# Extract eval results - CIFAR

In [1]:
import sys
sys.path.append("./../")

In [2]:
import os
import json
import glob
import pickle

import numpy as np
import pandas as pd

import matplotlib.pyplot as plt
import seaborn as sns

sns.set_style('darkgrid')

#### Utility functions

In [3]:
# Accuracy threshold for models to be included in analysis
ACC_THRESHOLD = 0.1 # For CIFAR10

In [12]:
def extract_ood_results(model_dir, dataset_str='FMNIST'):
    """
        Get OOD metrics from model dir
    """

    # Get config
    config_json = os.path.join(model_dir, 'config.json')
    config = json.load(open(config_json, 'r'))
    
    # Extract config values
    method = config['method']
    
    # Create a table entry for parameters  as string
    param_str = method # start with method label
    for _p, _p_value in config['method_params'].items():
        _p_value_str = None
        if isinstance(_p_value, int):
            _p_value_str = '{:04d}'.format(_p_value)
        elif isinstance(_p_value, float):
            _p_value_str = '{:08.3f}'.format(_p_value)
        else:
            _p_value_str = '{}'.format(_p_value)
        param_str += '-{}={}'.format(_p, _p_value_str)
    param = param_str
    
    results = None
    
    # Get OOD result files
    ood_result_files = glob.glob(model_dir + "/ood_pred_results_{}.pkl".format(dataset_str))
    
    assert len(ood_result_files) <= 1, "More than one OOD results exists"
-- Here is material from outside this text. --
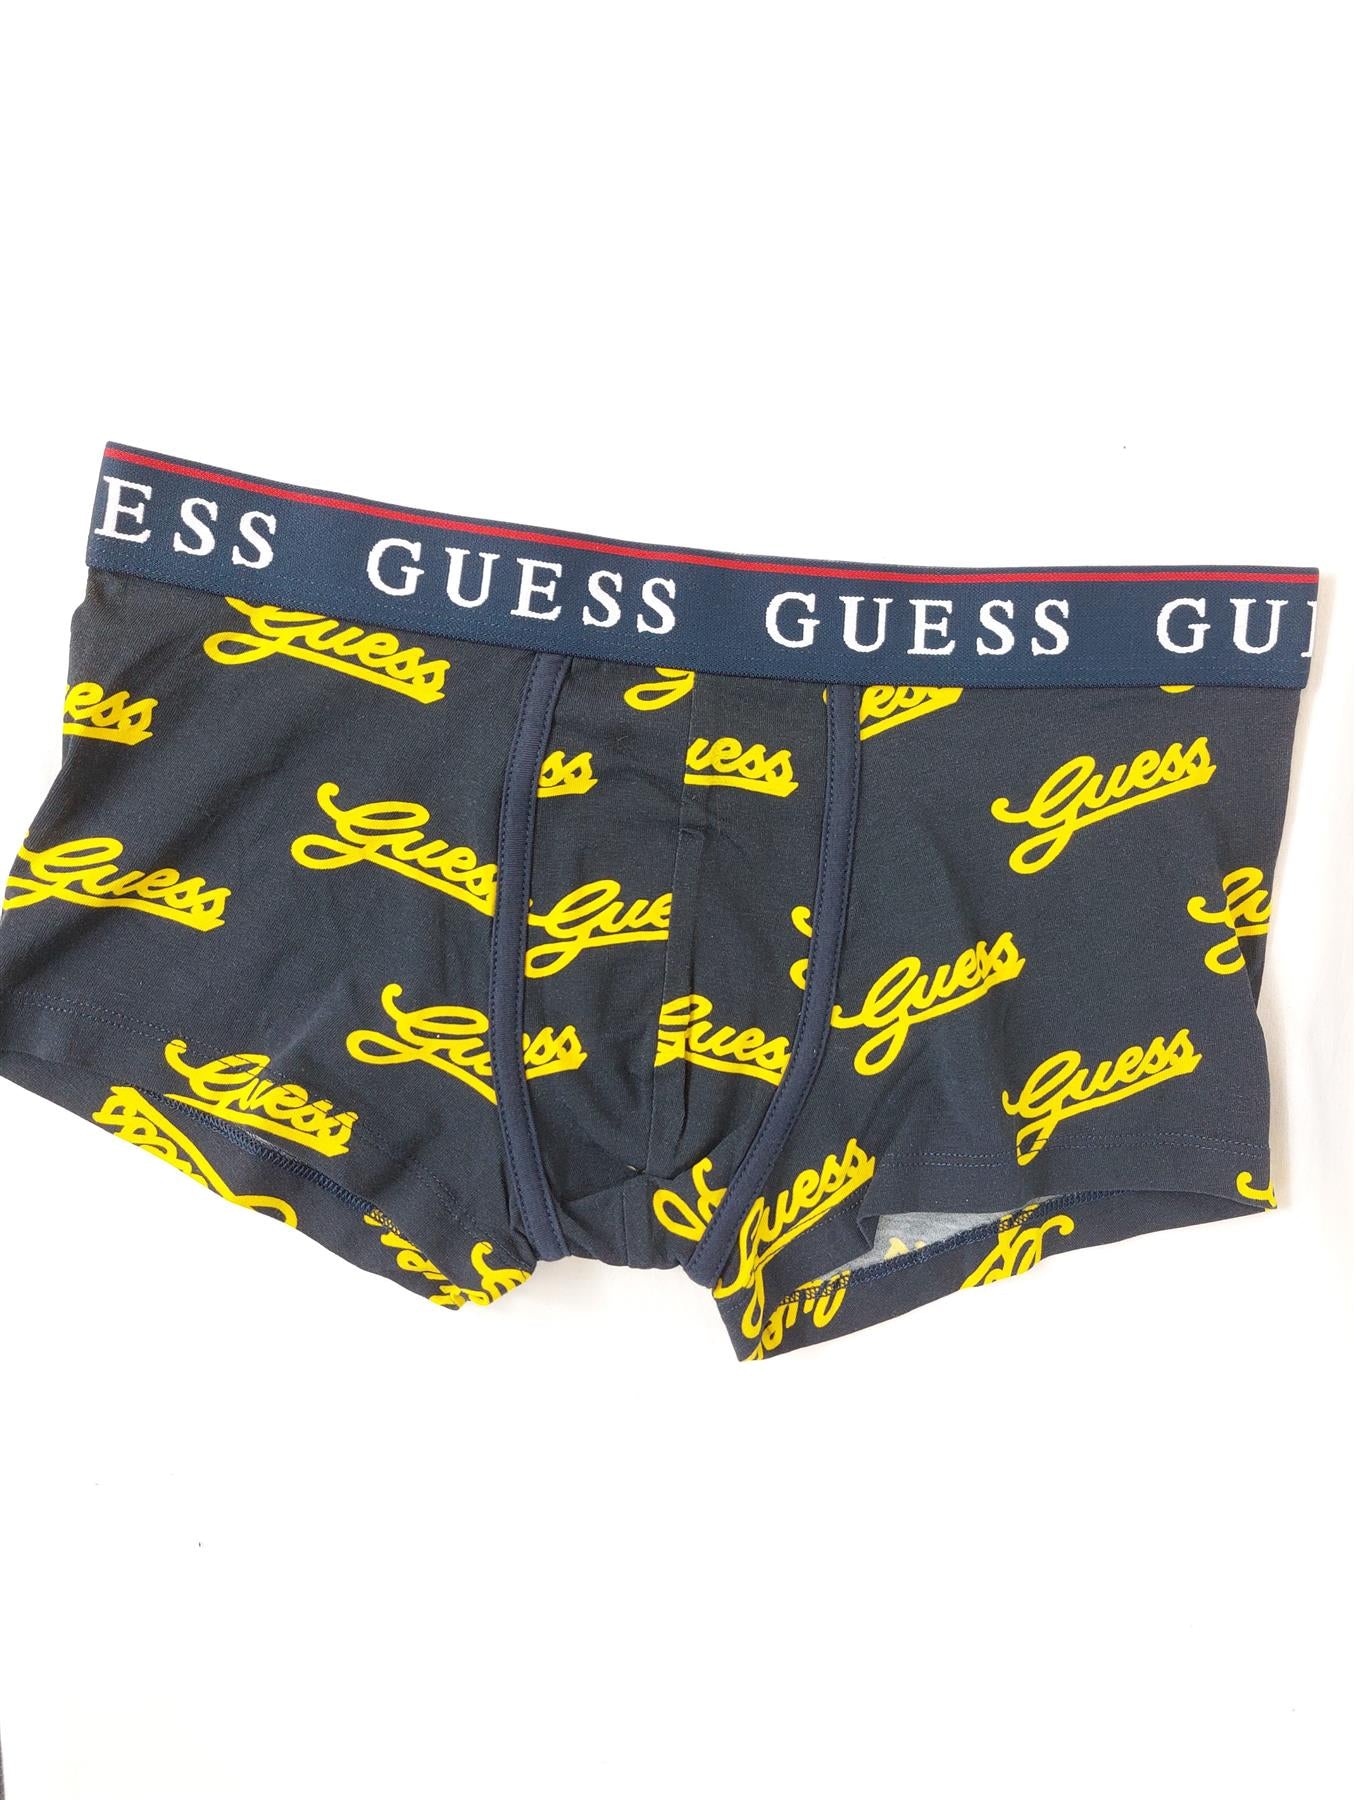 Guess Men's Boxers 3-Pack Cotton Rich Boxer Shorts Trunks Underpants Multipack
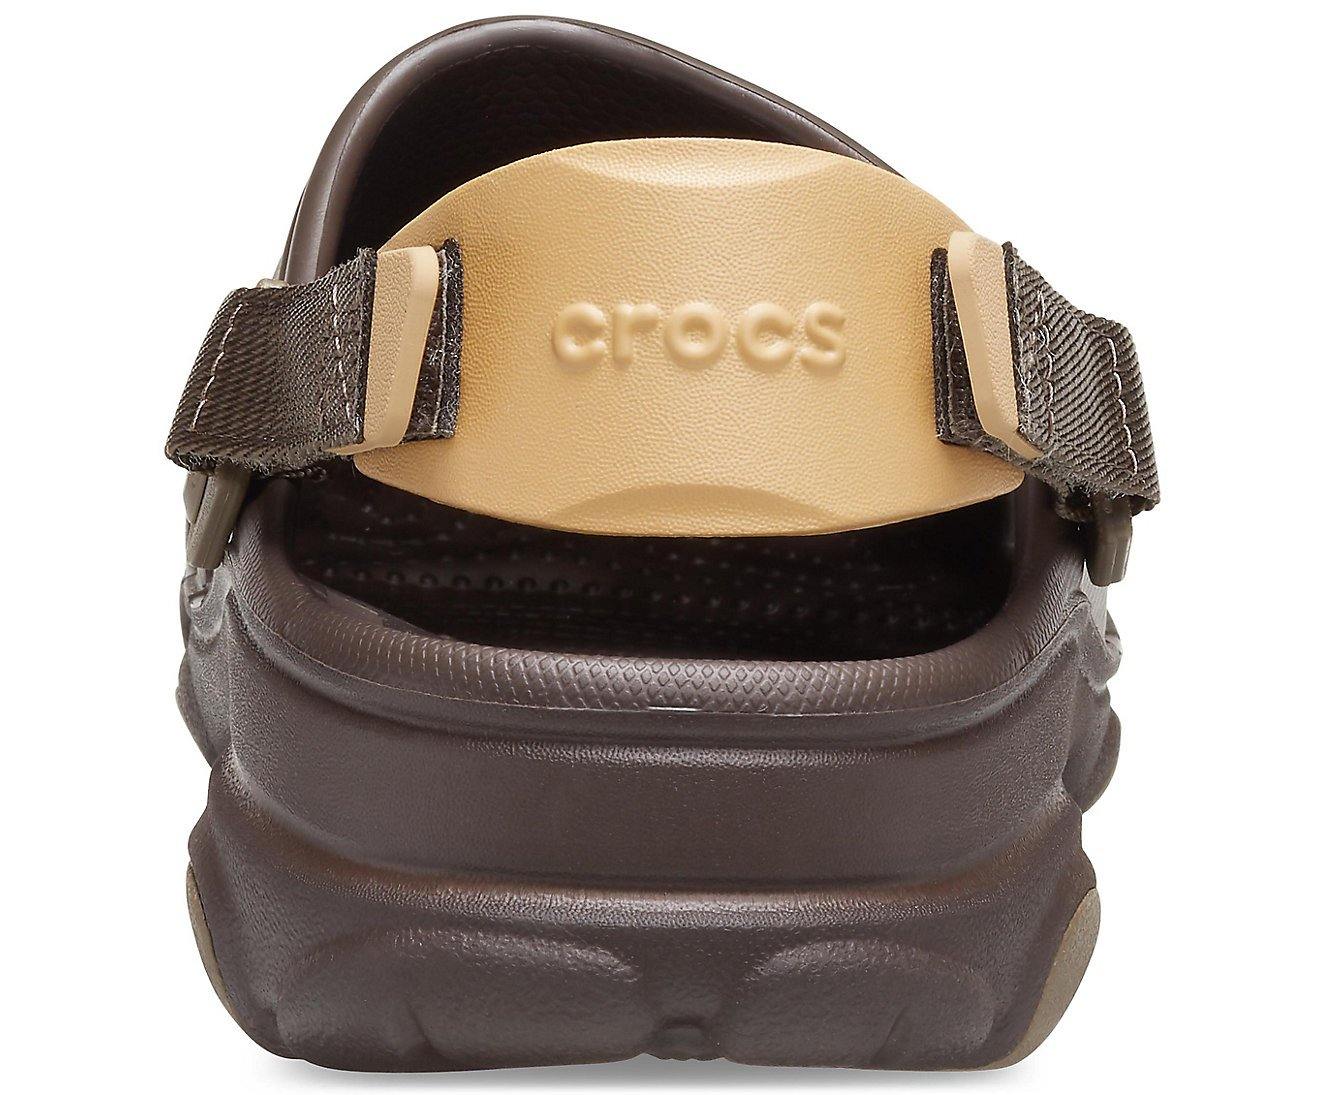 Authentic Crocs Classic All-Terrain Clog - Espresso – mStore.Kh ...

    # Get accuracy on clean dataset also for quality checks
    acc_results_file = os.path.join(model_dir, "ece_results_identity-1.pkl")
    
    # Get results
    for rfile in ood_result_files:
        with open(acc_results_file, 'rb') as f:
            clean_results = pickle.load(f)[0]
        with open(rfile, 'rb') as f:
            logs = pickle.load(f)[0]
            r = {
                'method': method,
                'params': param,
                'ent_ood': logs['ent_ood'],
                'ent_test': logs['ent_test'],
                'ent_delta': logs['ent_delta'],
                'acc': clean_results['acc_val'],
                'preds_ood': logs['preds_ood'],
                'preds_indomain': logs['preds_indomain']
            }
            
            if results is not None:
                results.append(r)
            else:
                results = [r]
    
    return results

#### Specify experiments

In [13]:
# CIFAR10 + VGG11
fig_prefix = "cifar10im-vgg11"
result_dirs = [
    "./../zoo/multiclass/slim/CIFAR10Im/VGG11",
    "./../zoo/multiclass/mfvi/CIFAR10Im/VGG11",
    # "./../zoo/multiclass/ls/CIFAR10Im/VGG11",
    # "./../zoo/multiclass/edl/uniform-prior/CIFAR10Im/VGG11EDL",
    # "./../zoo/multiclass/edl/computed-prior/CIFAR10/VGG11EDL"
]

## OOD Results

In [14]:
# Enumerate model directories and load evaluation results
ood_results = []
for models_root in result_dirs:
    model_dirs = list(map(lambda d: os.path.join(models_root, d), os.listdir(models_root)))
    for _m in model_dirs:
        _r = extract_ood_results(_m, dataset_str='SVHN')
        if _r:
            ood_results.extend(_r)
        else:
            print("Skipping", _m)
df_ood_results = pd.DataFrame(ood_results)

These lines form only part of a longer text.